Active sampling: A machine-learning-assisted framework for finite population inference with optimal subsamples

Henrik Imberg,Xiaomi Yang,Carol Flannagan,Jonas Bärgman
DOI: https://doi.org/10.1080/00401706.2024.2374554
2024-07-04
Abstract:Data subsampling has become widely recognized as a tool to overcome computational and economic bottlenecks in analyzing massive datasets. We contribute to the development of adaptive design for estimation of finite population characteristics, using active learning and adaptive importance sampling. We propose an active sampling strategy that iterates between estimation and data collection with optimal subsamples, guided by machine learning predictions on yet unseen data. The method is illustrated on virtual simulation-based safety assessment of advanced driver assistance systems. Substantial performance improvements are demonstrated compared to traditional sampling methods.
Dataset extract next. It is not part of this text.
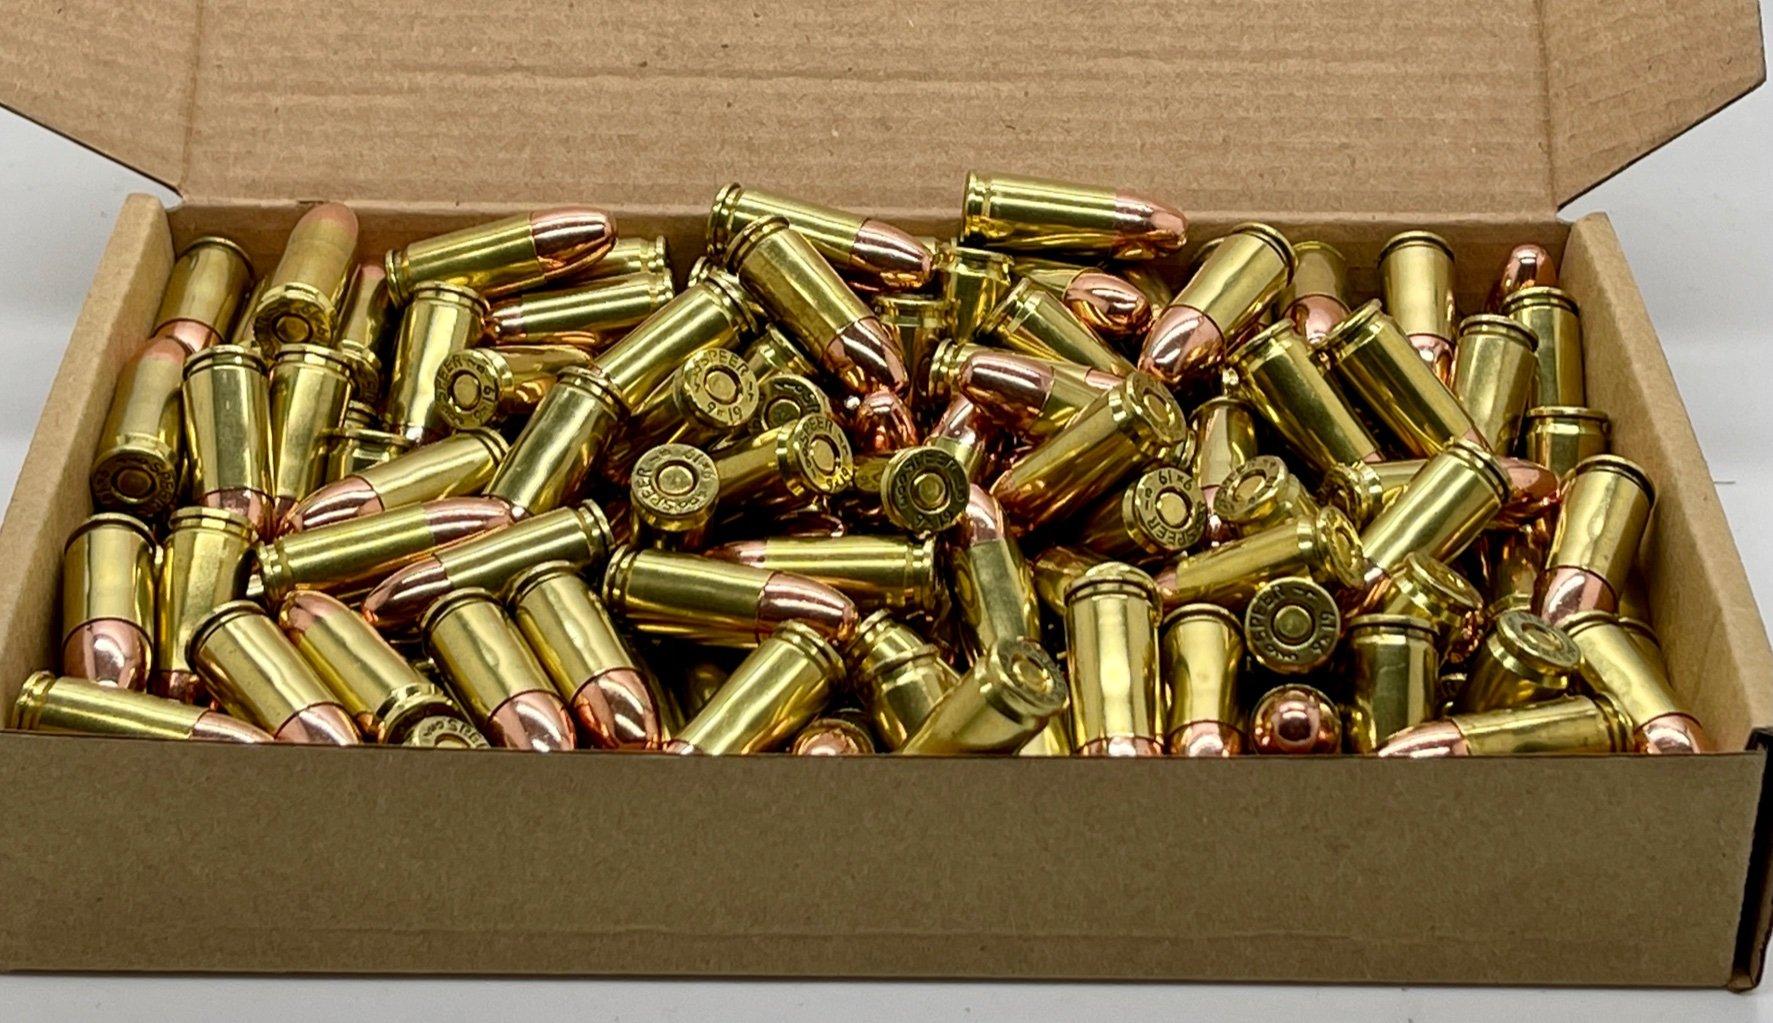 ZMA Ammo Premium 9x19mm 200 stk. 124gr. CamPro RN copper-plated

Methodology,Applications,Computation
What problem does this paper attempt to address?
The problem that this paper attempts to solve is how to effectively estimate the characteristics of a finite population through machine - learning - assisted active sampling strategies while reducing computational and economic costs when dealing with large - scale data sets. Specifically, the paper proposes a method for iterative estimation and data collection. This method uses optimal sub - samples and is guided by machine - learning predictions of unseen data. This method is particularly suitable for scenarios that require a large amount of computational resources or are too costly economically, such as virtual simulation experiments in the safety assessment of advanced driver - assistance systems (ADAS). Compared with traditional sampling methods, this method shows a significant performance improvement.